Contributed by Doug Walters
The second half of the year has started well for equities with the S&P 500 notching higher in both of the first two weeks of July. As we discussed in our quarterly perspective report (A Political Strategy), we expect geopolitics to be a market driver for the balance of the year. We already see this playing out with the President’s supreme court nominee making waves.
With a tense NATO summit and contention surrounding the President’s upcoming Russia visit, there was no shortage of fodder for market jitters this week. However, equities shrugged off these political tensions and instead focused more on the President’s nominee for the Supreme Court, Brett Kavanaugh. It is expected that the addition of Kavanaugh will make the court more business-friendly. The nominee has expressed support for limiting regulatory oversight of business by federal agencies. In addition, an article by Bloomberg this week makes the point that large Technology companies may benefit from Kavanaugh’s nomination. They discuss how his decision to side with the internet service providers in a 2017 net-neutrality ruling might have positive implications for large technology-driven stocks like Amazon (AMZN), Alphabet (GOOGL), and Facebook (FB) that are facing increasing pressures regarding their size and influence. The Technology sector outperformed the broader U.S. equity market this week following the announcement of Kavanaugh.
We wrap up our World Cup commentary this weekend as soccer fans sit down to watch an unlikely final between France and Croatia. Our prediction had been for Brazil to raise the coveted trophy, but that was not to be. Recall that we were attracted to the team’s diversification. While we did not pick the winner, the message of diversification is still relevant. Who would have thought Croatia would be in the finals? If these teams were investments, we would have been foolish to put all of our money into Brazil, even if they were a favorite. Some diversification into riskier, uncorrelated teams like Croatia might have been prudent.
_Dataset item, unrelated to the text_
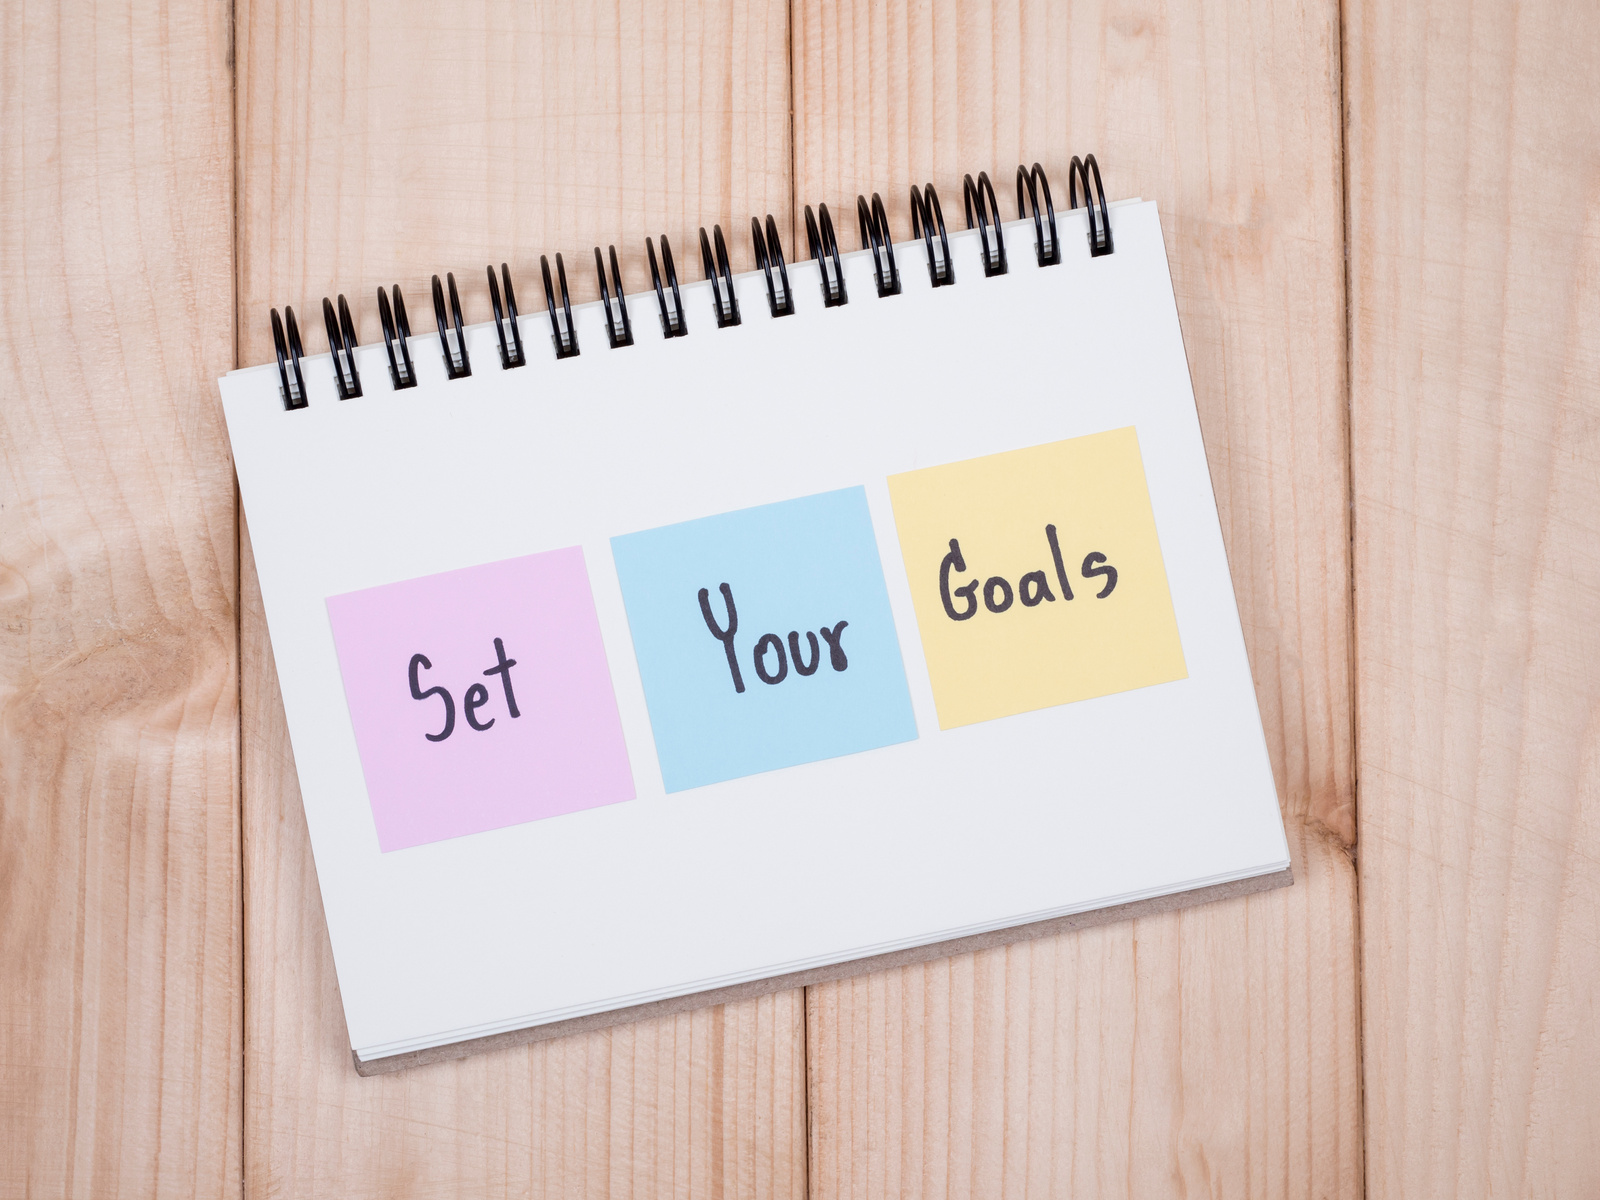 Set your goals 7

Contributed by Max Berkovich ,
STRATEGIC ASSET ALLOCATION
Equities, in general, had a positive week, with large capitalization stocks leading the way. The week was uneventful for fixed income, but the yield curve did flatten some more. Dispersion in returns among asset classes should create some opportunities for active asset allocation as the year progresses. Speaking of active versus passive…
- For the first half of 2018, the passive fund inflows are down nearly 44% versus the previous year. This is the largest drop in cash inflows to passive funds since 2009 when investors began allocating trillions of dollars to Exchange Traded Funds (ETFs) and Index tracking mutual funds. However, actively managed funds are struggling as well, especially in beating indices.
- The competition for assets under management between passive funds is driving ETF fees down. While investors are cheering the lower prices, there might be unintended consequences for those that focus only on fees and not on the substance of the product they are buying.
- Since 2015, over $500 billion of cash left actively managed funds.
- The two largest passive investment firms hold over $11.4 trillion in AUM (BlackRock $6.3 trillion and Vanguard $5.1 trillion), but not all of the assets are passively managed as increasingly ETFs are coming in non-passive varieties.
The Energy and Materials sectors were the laggards on the week. Financials was the leader, but that was mostly due to Visa Inc. (V), which arguably is a technology stock. Speaking of technology…
- Dell Technologies, technically a private company, unveiled its plan to acquire Dell Technologies Inc. (DVMT) a tracking stock for the company’s ownership of VMware (VMW) which was created when Dell acquired EMC Corp. in 2016. Dell’s offer is 1.3665 shares of the new, and public again, Dell Corp. or cash of about $109 for each share of DVMT, subject to shareholder election and cash vs. stock limitations of $9 Billion cash. Dell will continue to hold 81% ownership of VMware, and the new Dell’s implied equity market value is roughly $61-70 Billion.
STRATEGIC EQUITY INCOME
The Utilities and Consumer Discretionary sectors were both laggards, but for different reasons; Utilities as interest rates moved a higher and Consumer Discretionary thanks to tariffs on China, impacting the cost of goods they sell. The Industrial sector was the runaway leader thanks to an earnings report from…
- Fastenal Company (FAST) the industrial equipment and supplies distributor reported a consensus topping quarter. The company grew revenue by 10% year over year, bought back 800,000 shares of its stock and raised its quarterly dividend by 8.1% to $0.40 per share, roughly equating to 3.2% dividend yield. On the business side, the company grew net income by 42% from last year, non-fastener products now represent 64.6% of sales. The company also reported it installed 5,537 vending devices during the year bringing the total to 76,069.
The Week Ahead
A BET on Earnings
Banks earnings will be a key focus for investors next week.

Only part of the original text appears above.